An employer must therefore consult with employees whose jobs may be at risk with an open mind and provide them with adequate information and time in which to respond.

This will include providing affected employees with certain information, including the category and number of employees who are being considered for redundancy (referred to as the ‘pool’) and the proposed criteria on which the employer will select those who are to be made redundant.

It is important that any selection criteria should, as far as possible, be based on measurable, objective factors rather than being based on subjective opinions. If an employer has attached weightings to criteria, reflecting their relative importance, it should be able to justify any such weightings. Selecting individuals for redundancy simply because they were placed on furlough is not a fair selection criteria.

An employer is not obliged to create alternative employment where none already exists, but they should undertake a sufficiently thorough search for alternative employment within the organisation and should document that search (in case it is required as evidence to defend an unfair dismissal claim).

In most cases there is no specified minimum consultation period. It needs to be long enough for the consultation with employees to be meaningful and allow them a proper opportunity to consider and propose alternatives to compulsory redundancy, such as voluntary redundancy terms, job-sharing, short-time working, re-training or re-deployment.

However, if an employer is considering making 20 or more employees redundant, they will have additional duties to inform and consult union and/or employee representatives for a minimum period ahead of making redundancies; and to notify the Redundancy Payments Service.

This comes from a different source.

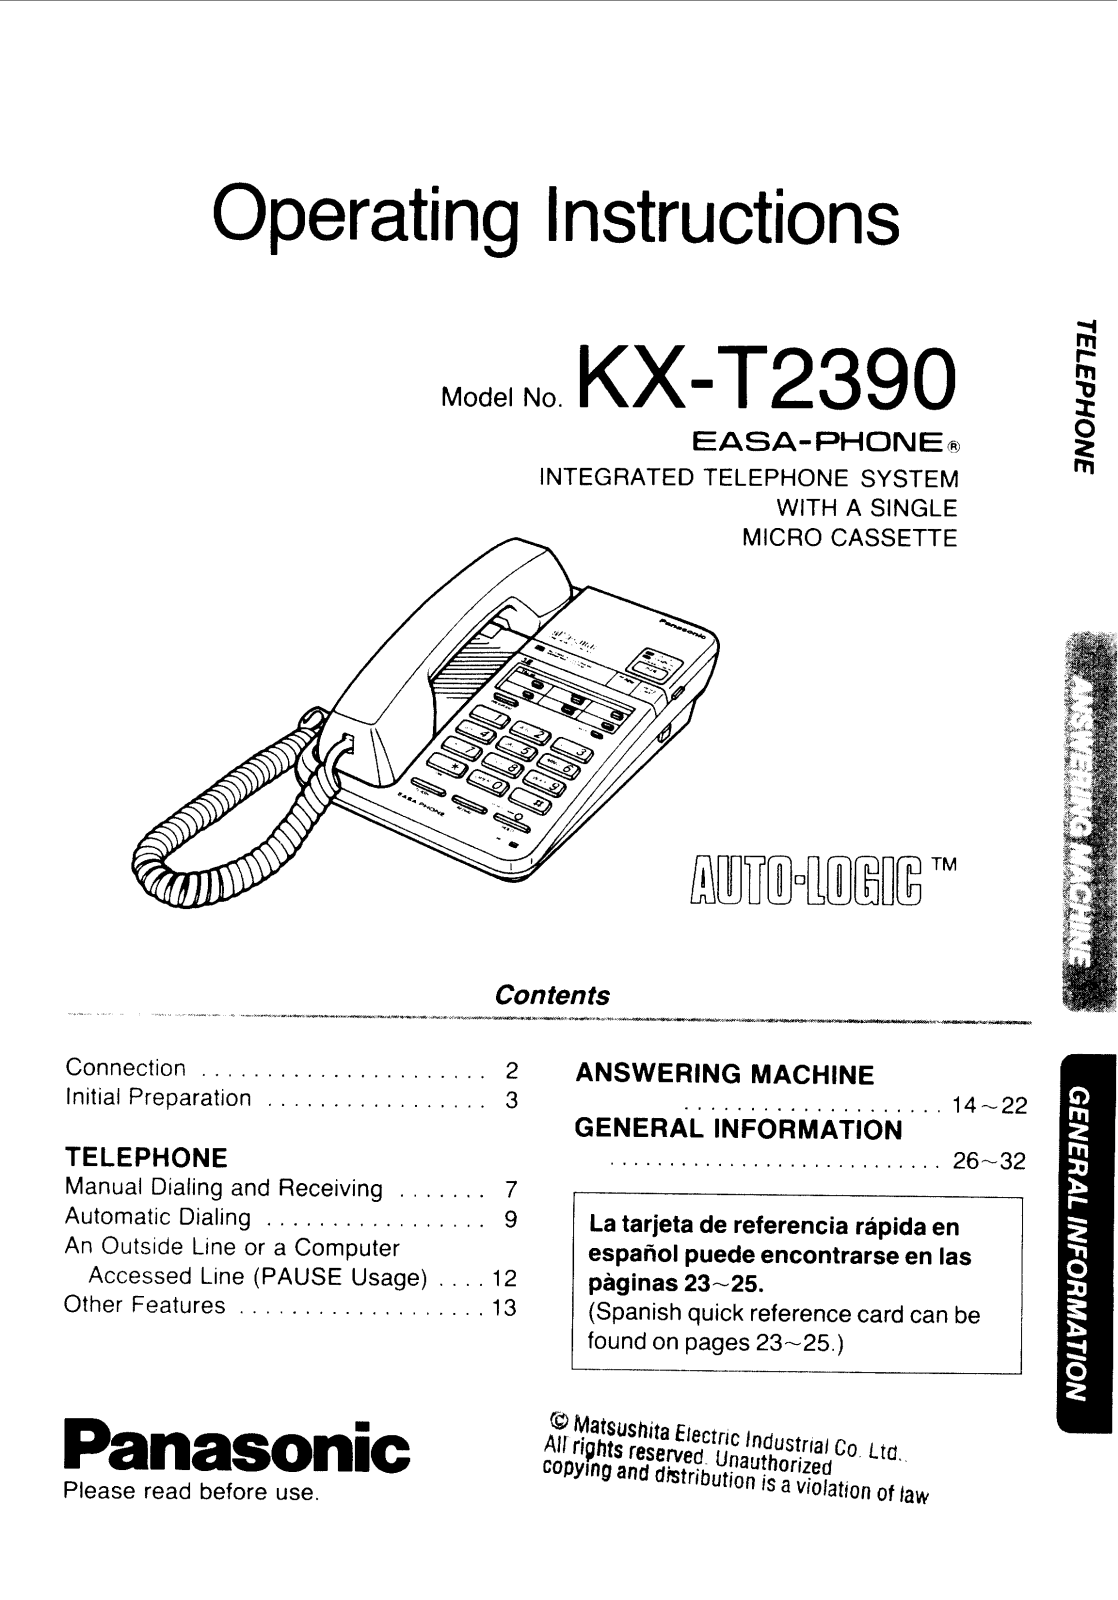 Panasonic kx-t2390 Operation Manual

Compensation for unfair dismissal

If an employee is successful in a claim for unfair dismissal against their employer, then the employee may be entitled to:

  1. An unfair dismissal basic award which is calculated on the basis of the employee’s age, salary and length of service in the same way as statutory redundancy pay; and
  2. An unfair dismissal compensatory award, to compensate the employee for their financial loss arising from the unfair loss of their job up to a maximum of 52 weeks’ salary or a statutory cap of £88,519 (as at the date of publication of this article), whichever is lower.

Any award to an employee will be subject to their duty to mitigate their loss (by finding another job) or could be reduced if an employee is considered to have contributed to their dismissal in some way (which is unlikely in redundancy dismissals).

What can an employer do to avoid unfair dismissal claims when making redundancies?
  1. Make sure that redundancy is the genuine reason for dismissing the employee, not some other reason such as poor performance. In other words, don’t use redundancy as an “excuse” to avoid confronting and dealing with other issues.
  2. Follow a fair redundancy process. Do not cut corners in order to save time. If you are unsure if your proposed redundancy procedure, or any element of it, is fair, then seek legal advice.
  3. Consider offering enhanced voluntary redundancy terms in exchange for employees signing a Settlement Agreement, under which the employee agrees to waive any claims arising out of, or in connection with, their employment or its termination.

If an employee does accept voluntary redundancy terms and is willing to sign a Settlement Agreement, they will need to receive independent legal advice, in order for the agreement to be valid.

Care must be taken in entering into discussions with employees about voluntary redundancy packages. Such discussions can, if not properly conducted, be used in evidence in Employment Tribunal claims. Again, it is wise to seek specialist legal advice before opening any dialogue about voluntary redundancy terms and Settlement Agreements.